Inflammatory Pseudotumor Originating from the Right Ventricular Outflow Tract.

Introduction. Inflammatory pseudotumor is an uncommon entity, and its cardiac origin is exceedingly rare. Case History. A previously healthy 27-year-old man was found to have a systolic murmur during preemployment screening evaluation. A transthoracic echocardiogram revealed a 4 × 2.5 cm mass originating from the right ventricle (RV) outflow tract extending into the aortic root. A computed tomography guided biopsy confirmed an IgG4-related inflammatory pseudotumor. Patient was started on oral prednisone with subsequent reduction in mass size. Conclusion. Cardiac inflammatory pseudotumors are markedly rare tumors that should be considered in the differential of intracardiac tumors which otherwise includes cardiac fibromas, myxomas, and sarcomas.

1. Introduction

Inflammatory pseudotumor of cardiac origin is an exceedingly rare tumor but one that deserves to be included in the differential diagnosis for intracardiac tumors. There is a general lack of consensus on pathogenesis, prognosis, and treatment of these tumors given the paucity of literature on the topic. We describe a case of a previously healthy 27-year-old man who presented with a murmur detected on a preemployment physical screening found to have mass originating from the interventricular septum and extending into the aortic root. The location of the mass, specifically its proximity to the aorta, and its branches made the case a diagnostic and therapeutic challenge further complicated by lack of information available on inflammatory pseudotumors of cardiac origin.

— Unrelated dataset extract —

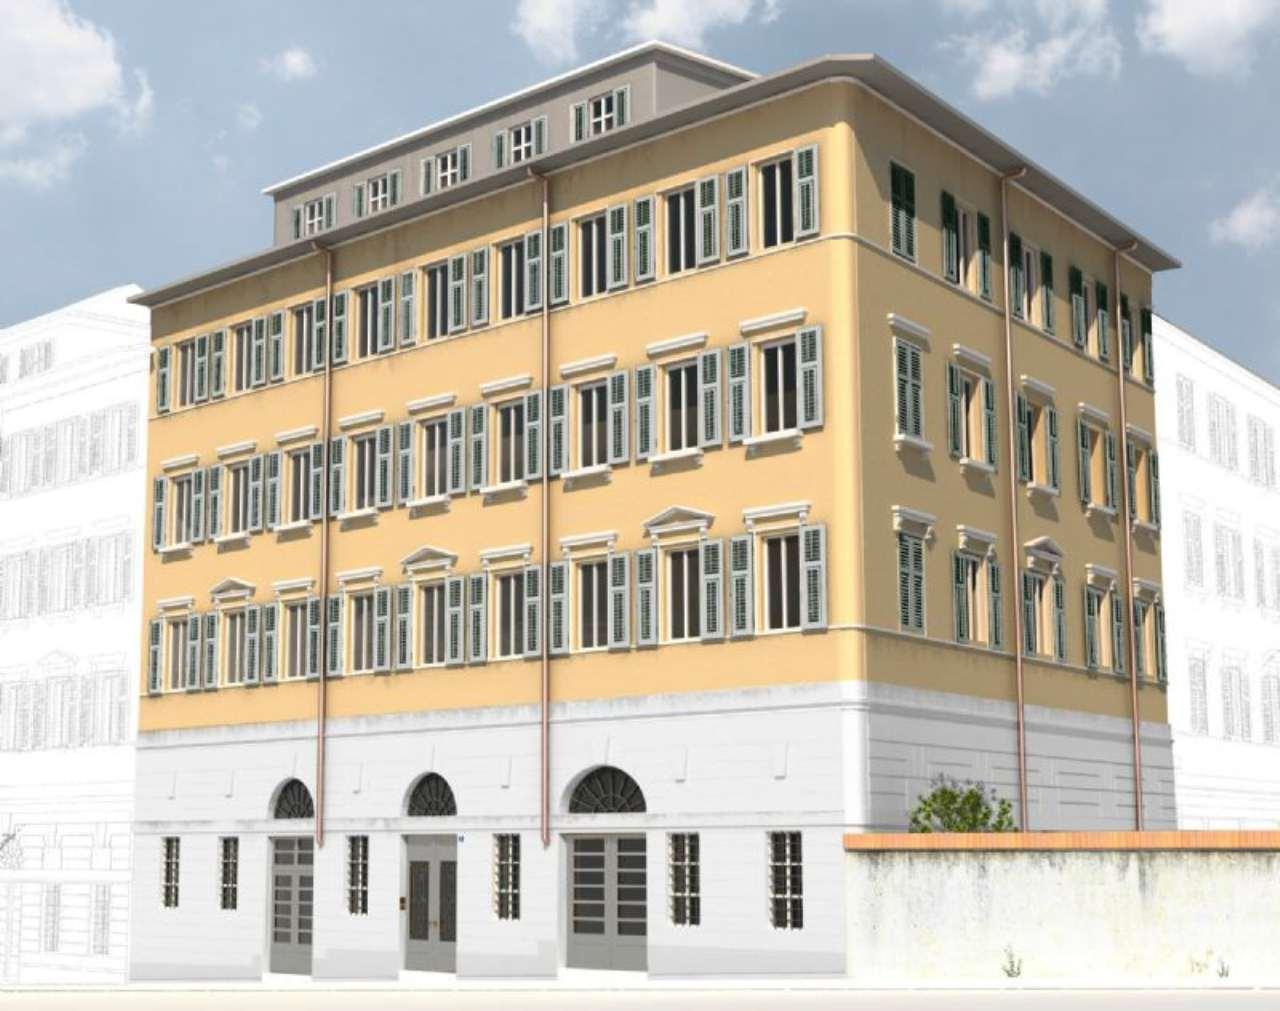 Appartamento in vendita a Trieste, 3 locali, prezzo € 205.000 | Cambio Casa.it

We report this case to add to the literature on this topic and contribute to the process of developing a consensus for prognosis and treatment.

2. Case Presentation

A 27-year-old male was found to have a systolic murmur during a preemployment screening evaluation. At baseline, patient was a healthy, active male who participated in team sports during high school without any cardiac symptoms. Examination revealed a heart rate of 60 beats per minute and a blood pressure of 131/77 mmHg, with prominent right ventricular heave, and a 5/6 harsh systolic murmur best heard on the left parasternal region, which increased in intensity with Valsalva maneuver without any respirophasic variation. There was no appreciable lymphadenopathy and no testicular masses palpated on exam. An Electrocardiogram (EKG) was revealing for normal sinus rhythm. A transthoracic echocardiogram revealed a 4 × 2.5 cm mass with wide base firmly attached to the right ventricle outflow tract (Figure 1). The RV systolic pressure was elevated at 64–69 mmHg. A chest computed tomography scan confirmed the presence of a large soft tissue mass possibly originating from the interventricular septum and extending to the aortic root. A CT guided needle biopsy was obtained with pathology consistent with IgG4-related inflammatory pseudotumor. Serum IgG4 levels were within normal limit and patient was started on 60 mg of prednisone daily. At three-month follow up patient had reduction in mass size as well as reduction in the systolic murmur from grade 5/6 to grade 3/6. The peak RV systolic pressure decreased from 64–69 mmHg at the time of diagnosis to 42–47 mmHg. Plan was to continue high dose steroids with serial imaging with transthoracic echocardiogram but unfortunately the patient was lost to follow-up after his 3-month follow-up [1].

Figure 1

2D transthoracic echo images in short axis parasternal view showing a large echodense RVOT mass, with signal aliasing on color Doppler.

3. Discussion

Inflammatory pseudotumor (IPT) is a rare benign condition that can mimic a malignant lesion. Most commonly reported in the lungs and orbit, IPT is an immunologic lesion usually in response to infection, necrosis, or neoplasm [2]. Cardiac involvement by IPT is a rare entity but has been reported in patients ranging from 5 weeks to 72 years of age.

Given variability in the clinical manifestation and course of cardiac IPT no consensus on treatment has been formed. Surgical resection when technically feasible appears to be the treatment of choice. Reports of good outcome with both complete excision and subtotal excision suggest that rate of growth is unpredictable. Involvement of the vascular structures including the aorta in our patient made resection a near impossibility. A similar case report of inoperable cardiac inflammatory pseudotumor had spontaneous decrease in size by 40% over an 11-month period [3]. Two other reported cases [4] in children who presented with symptomatic murmurs were found to have plasma cell granulomas of cardiac origin and were subsequently treated with prednisone (2 mg/kg/day) for 6 weeks. In both of these cases, follow-up imaging revealed reduction in size at completion of therapy and at yearly visits thereafter.

In conclusion, cardiac inflammatory pseudotumors are markedly rare tumors that should be considered in the differential of intracardiac tumors which otherwise includes cardiac fibromas, myxomas, and sarcomas. We hope to add to the sparse literature and contribute to coming up with a consensus on treatment on this rare phenomenon by reporting our case.